> Aim of the task:
Starting at the line that contains "arbol de navidad", write out each line through the end of the data below, exactly as it stands. Skip any pictures.
[Opening Dataset content section]
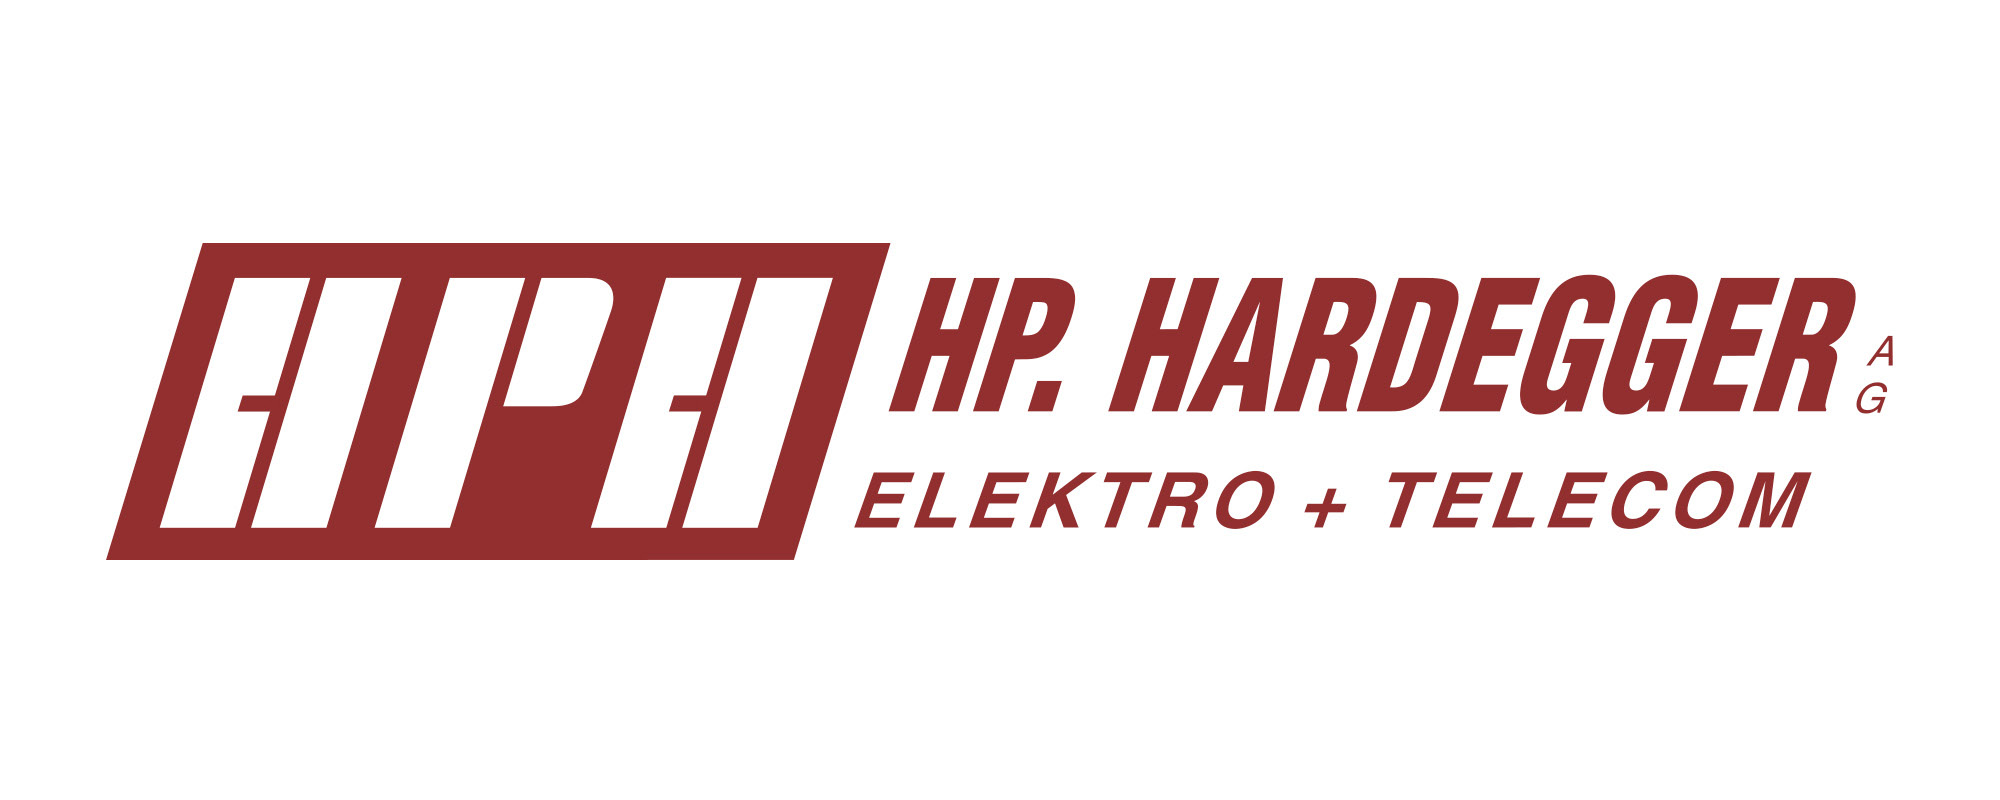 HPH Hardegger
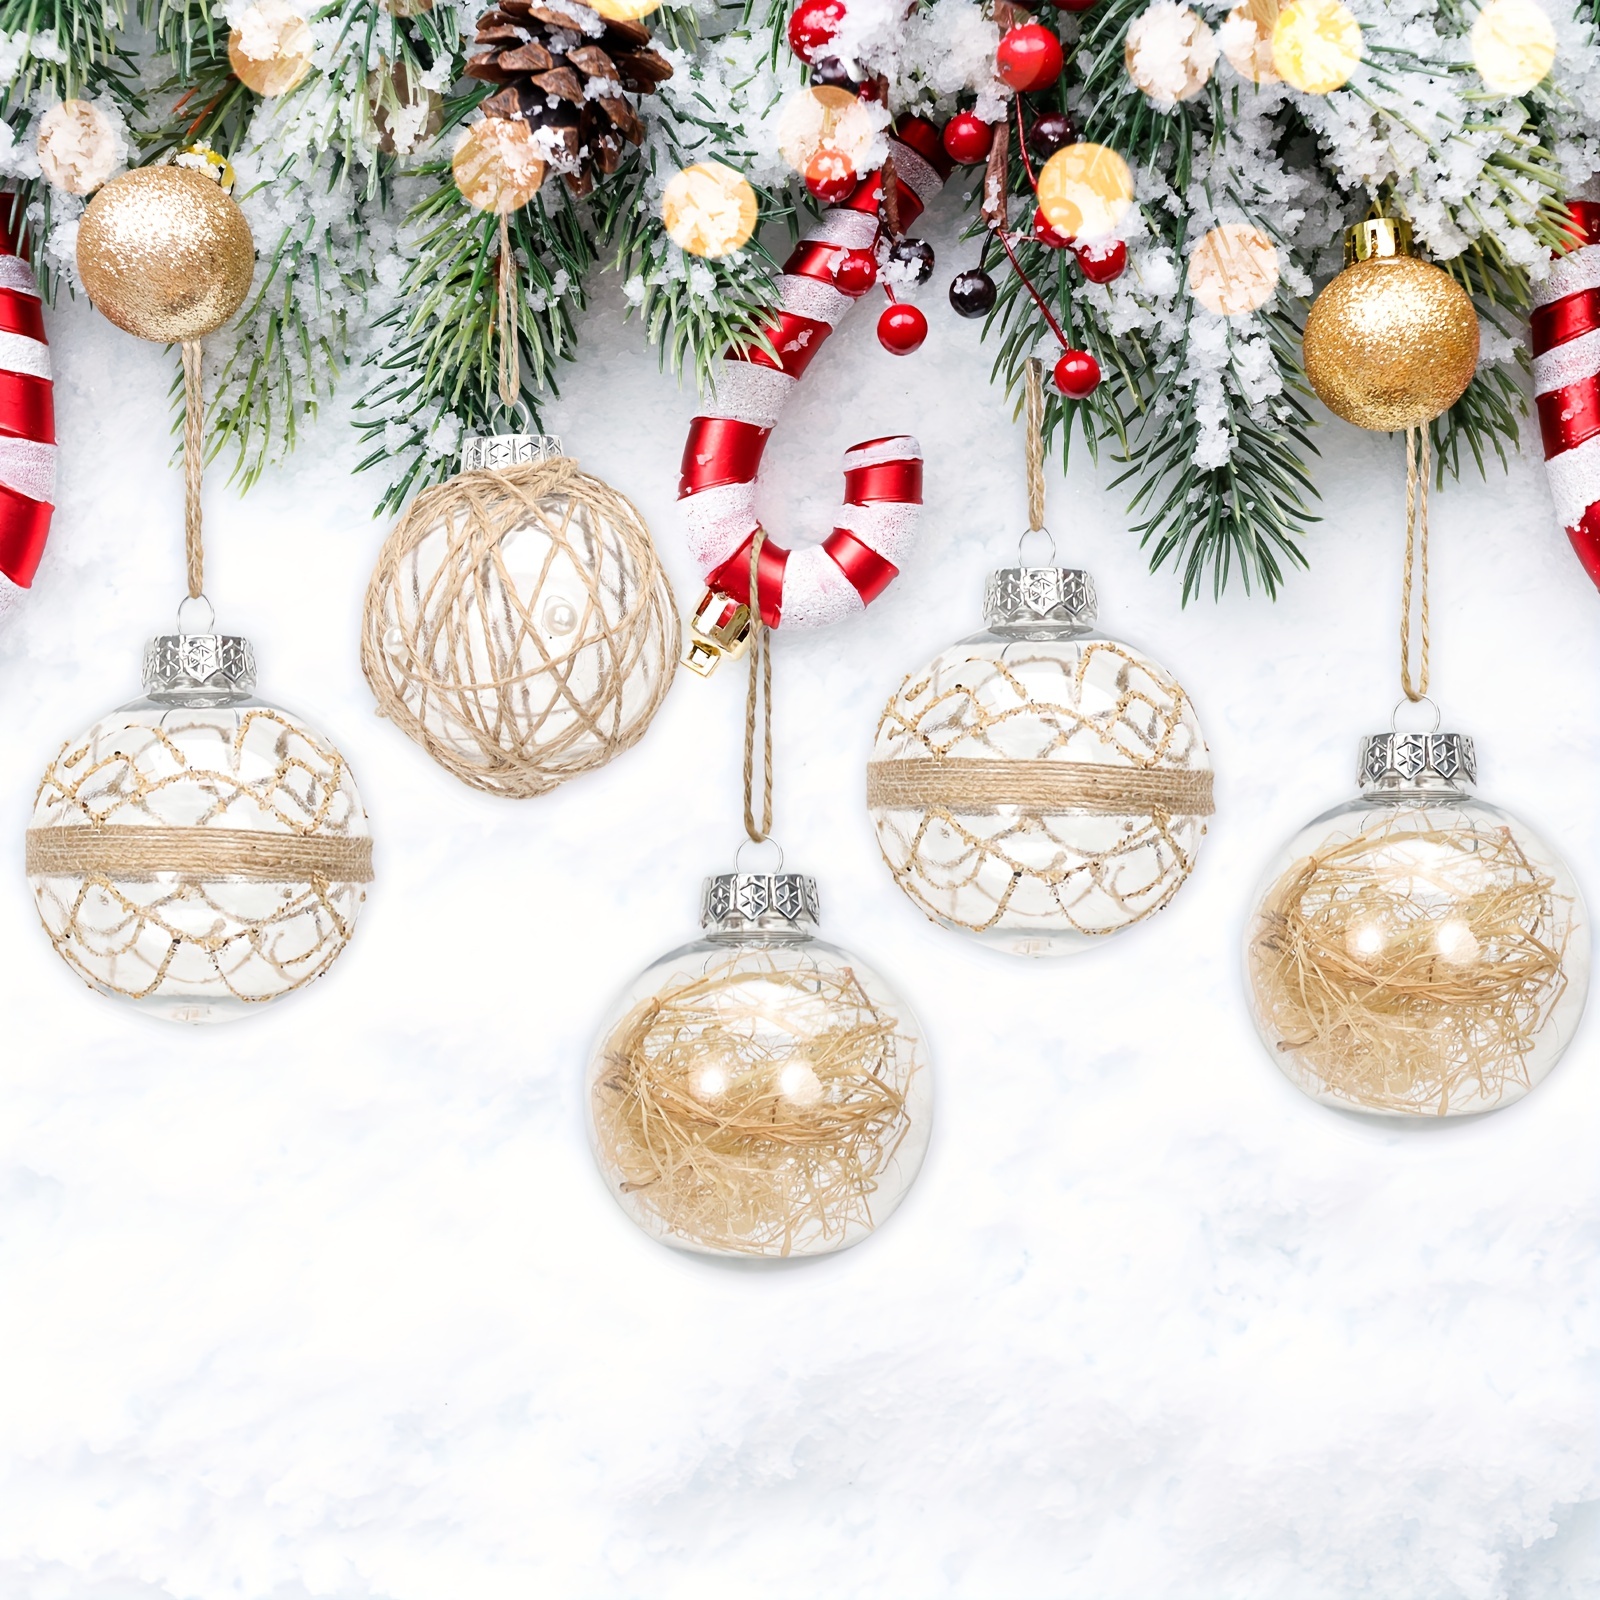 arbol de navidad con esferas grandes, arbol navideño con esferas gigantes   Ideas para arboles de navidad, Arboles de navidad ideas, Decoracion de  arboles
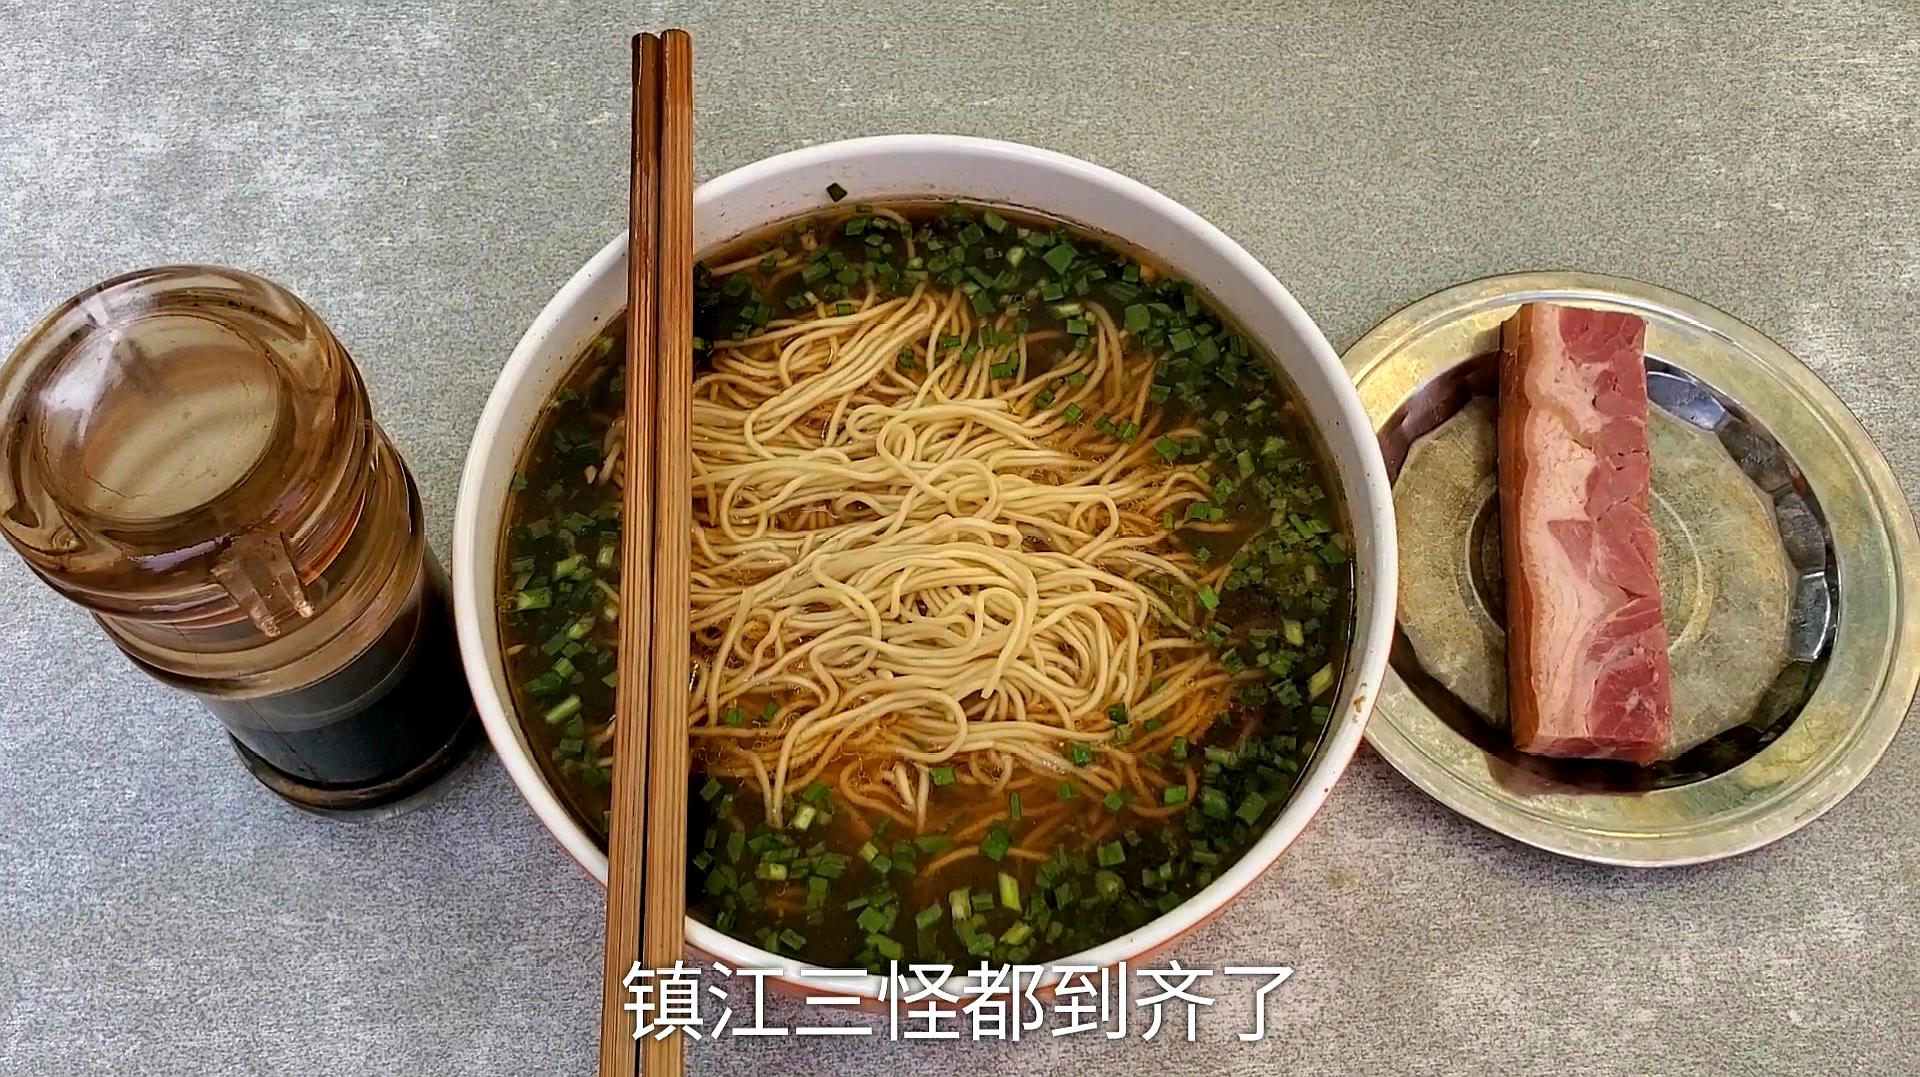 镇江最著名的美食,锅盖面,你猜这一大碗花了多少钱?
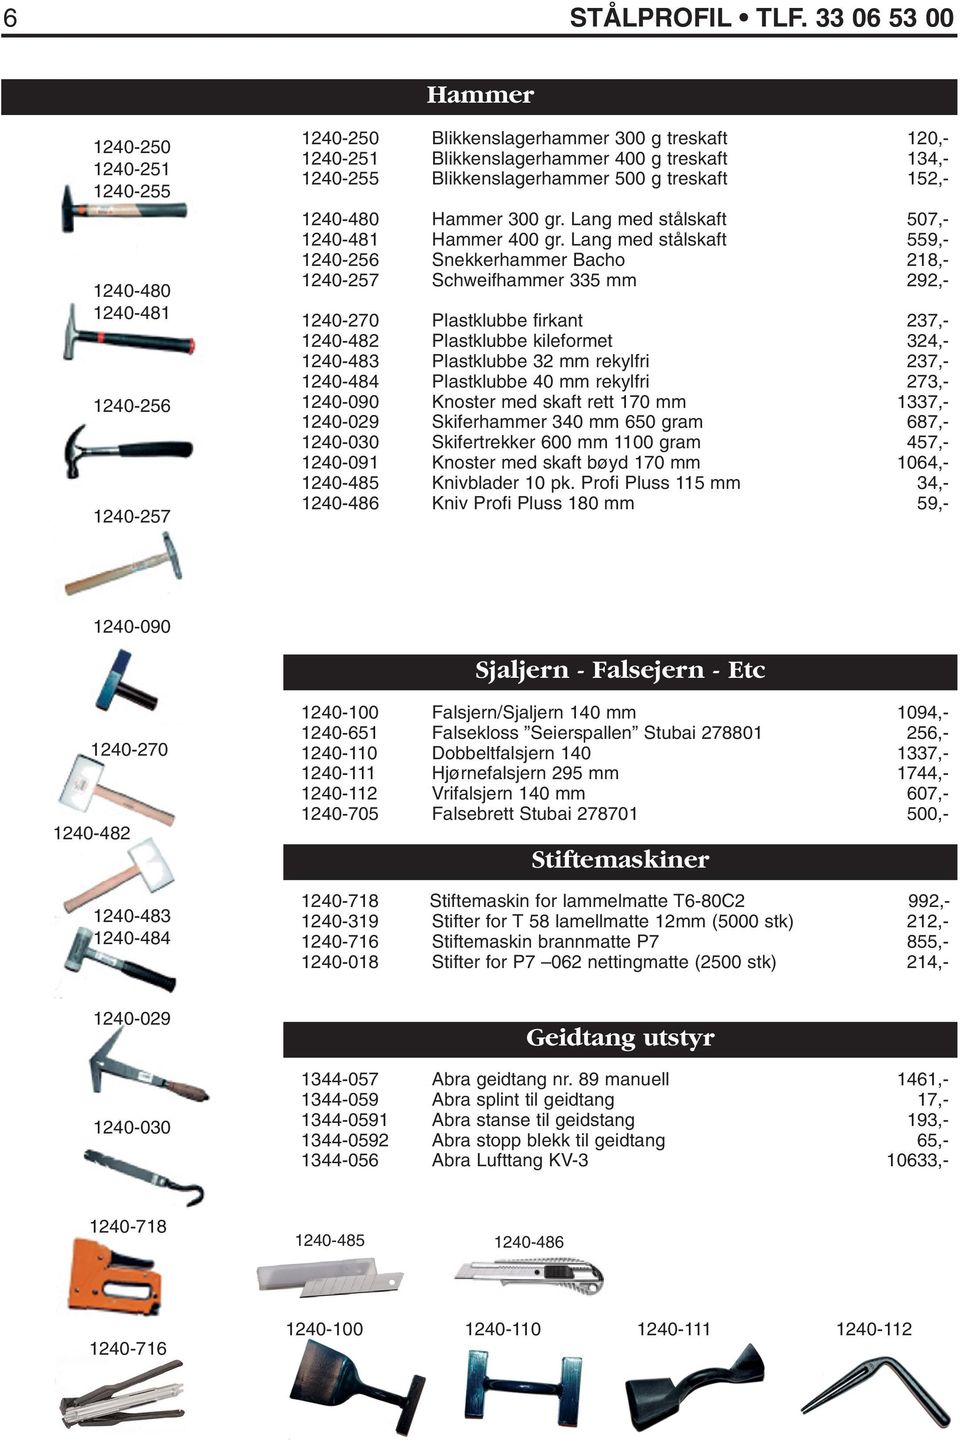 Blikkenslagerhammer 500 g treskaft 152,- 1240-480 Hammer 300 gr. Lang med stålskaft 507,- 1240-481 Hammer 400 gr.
[Closing Dataset content section]
> Solution for this exercise:
 arbol de navidad con esferas grandes, arbol navideño con esferas gigantes   Ideas para arboles de navidad, Arboles de navidad ideas, Decoracion de  arboles
 镇江最著名的美食,锅盖面,你猜这一大碗花了多少钱?
 Blikkenslagerhammer 500 g treskaft 152,- 1240-480 Hammer 300 gr. Lang med stålskaft 507,- 1240-481 Hammer 400 gr.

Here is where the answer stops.